Commentaire de marché, Synthèse hebdomadaire, Vues et tendances globales

 

Les obligations d’entreprises à haut rendement américaines et les obligations des marchés émergents libellées en dollars américains sont confrontées à des risques

Veuillez noter que le présent article peut contenir du langage technique. Pour cette raison, il n’est pas conseillé aux lecteurs qui ne disposent pas d’une expérience professionnelle de l’investissement.

SYNTHÈSE

  • Comment l’économie américaine composera-t-elle avec une inflation plus élevée ?
  • Maintien d’une vue positive sur la zone euro en dépit d’une légère déconvenue
  • Les résultats d’entreprises suscitent un regain d’optimisme

La bonne orientation des statistiques économiques et l’amélioration des résultats des entreprises ont continué de porter les marchés d’actions. Même le discours relativement restrictif de la présidente de la Réserve fédérale américaine (Fed), Janet Yellen, n’aura guère affecté leur tendance haussière. Cela semble confirmer que la reflation, qui doit conduire à une hausse de la croissance, de l’inflation et des bénéfices des sociétés, est perçue comme le meilleur pari par nombre d’investisseurs. Nous ne sommes pas de cet avis. Nous considérons que les valorisations des actions sont relativement chères et que la volatilité des marchés est très faible au vu des risques politiques et économiques persistants. Nous maintenons par conséquent une allocation d’actifs prudente.

ÉTATS-UNIS : L’INFLATION DEVIENT-ELLE UN VENT CONTRAIRE ?

Dans l’ensemble, les derniers indicateurs publiés dépeignent une économie qui pourrait commencer à générer de l’inflation. En janvier, les ventes au détail ont bondi de 5,6 %, enregistrant leur rythme de progression le plus soutenu depuis mars 2012. Abstraction faite des composantes non prises en compte dans le calcul des dépenses de consommation dans le PIB, les ventes au détail de base ont augmenté à un rythme plus faible, de 4,0 % sur un an, ce qui reste néanmoins leur meilleure performance depuis deux ans.

L’une des différences entre les ventes au détail globales et les ventes de base réside dans les ventes d’essence, lesquelles ont progressé de 14,2 % sur un an en raison de la hausse des prix du pétrole brut. Il s’agit donc d’un facteur défavorable pour les dépenses de consommation aux États-Unis (et qui n’est pas circonscrit à ce pays). En un an, le cours du pétrole WTI (West Texas Intermediate) a bondi d’un peu plus de 80 %, ce qui a eu des répercussions notables sur l’inflation.
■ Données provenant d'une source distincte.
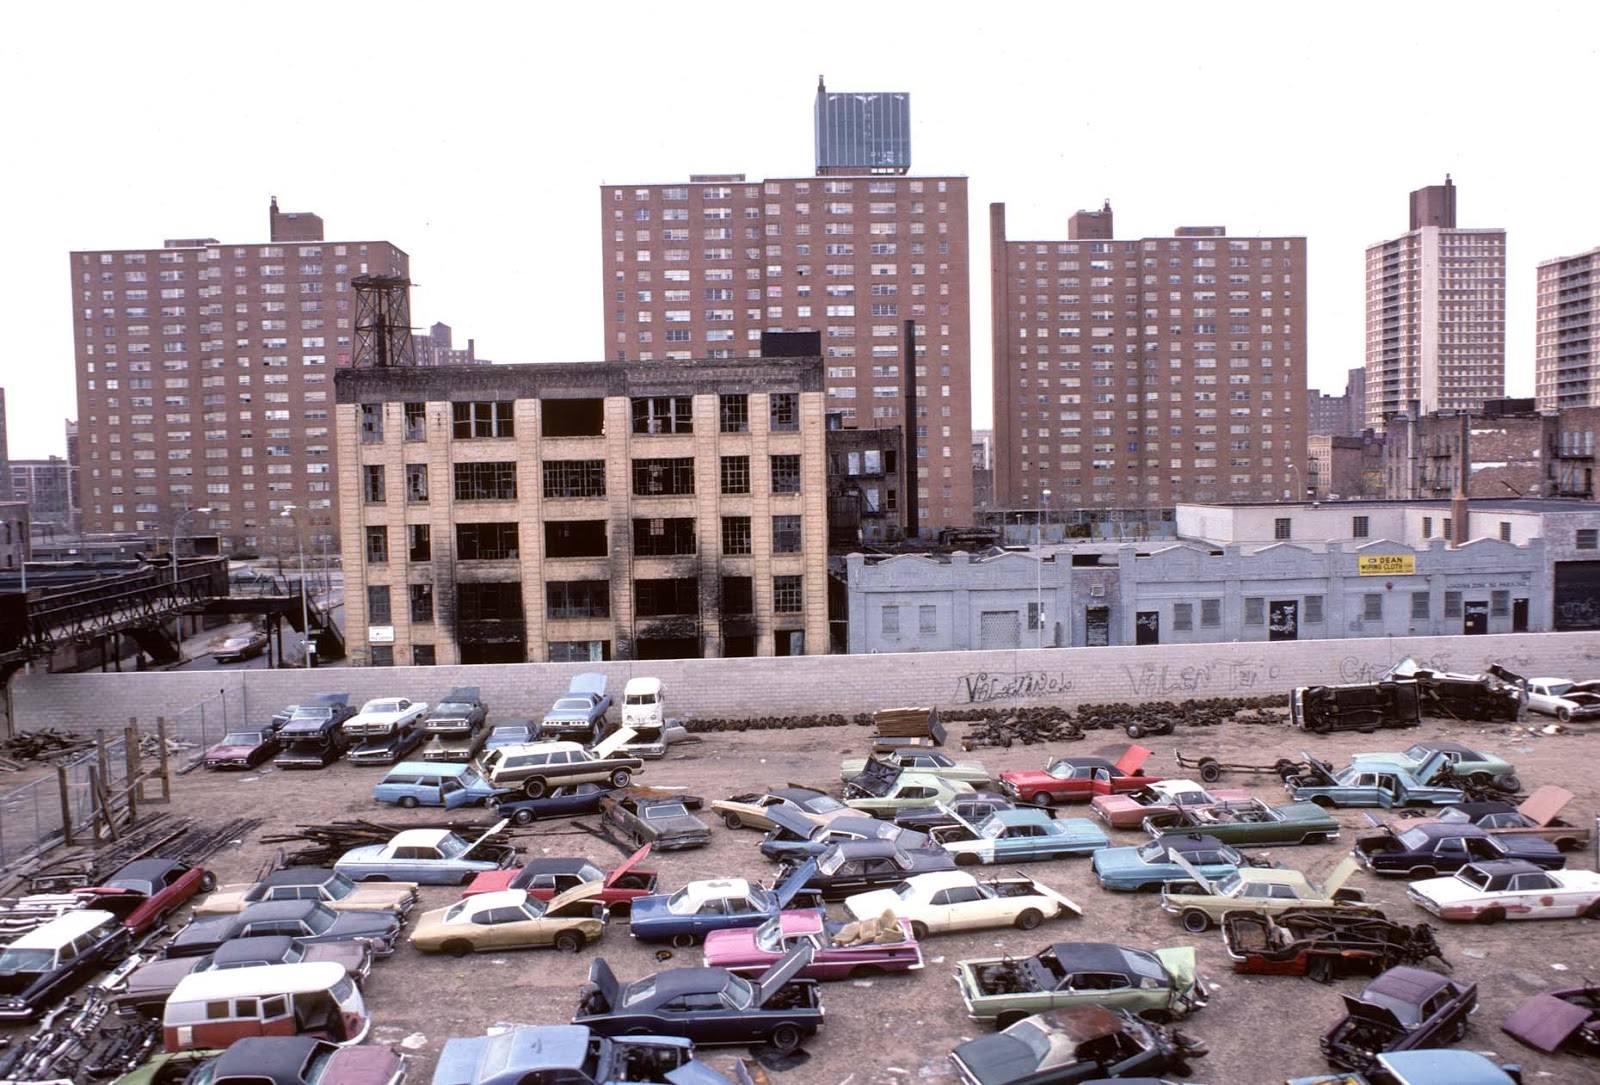 View of Brownsville from the Sutter Ave. stop on the L line, Brooklyn, 1978.

Toutefois, l’inflation sous-jacente n’a que légèrement augmenté. La hausse des coûts du logement a également alimenté l’inflation. L’impact sur les salaires est bien visible, ce qui nous conduit à ne pas anticiper de croissance durablement plus élevée de la consommation privée.

Les entreprises prendront-elles le relais ? En janvier, la production industrielle a reculé en glissement mensuel. En glissement annuel, elle a été stable, ce qui marque une amélioration par rapport aux baisses observées sur la majeure partie de l’année 2016 mais celle-ci est loin d’être solide. La production manufacturière, qui exclut les secteurs des mines et des services aux collectivités, affiche un rythme de croissance un peu meilleur. Cependant, le taux d’utilisation des capacités reste inférieur à sa moyenne à long terme depuis la crise financière, impliquant que les entreprises éprouvent vraisemblablement un besoin limité d’investissement.

Certaines propositions de l’administration Trump concernant la fiscalité des entreprises, la déréglementation et le rapatriement sur le sol américain des bénéfices logés à l’étranger pourraient avoir des effets bénéfiques, mais les incertitudes sont grandes et les sociétés pourraient opter pour l’attentisme. Dans le secteur du logement, si la confiance des constructeurs a reculé, l’activité semble avoir connu une reprise.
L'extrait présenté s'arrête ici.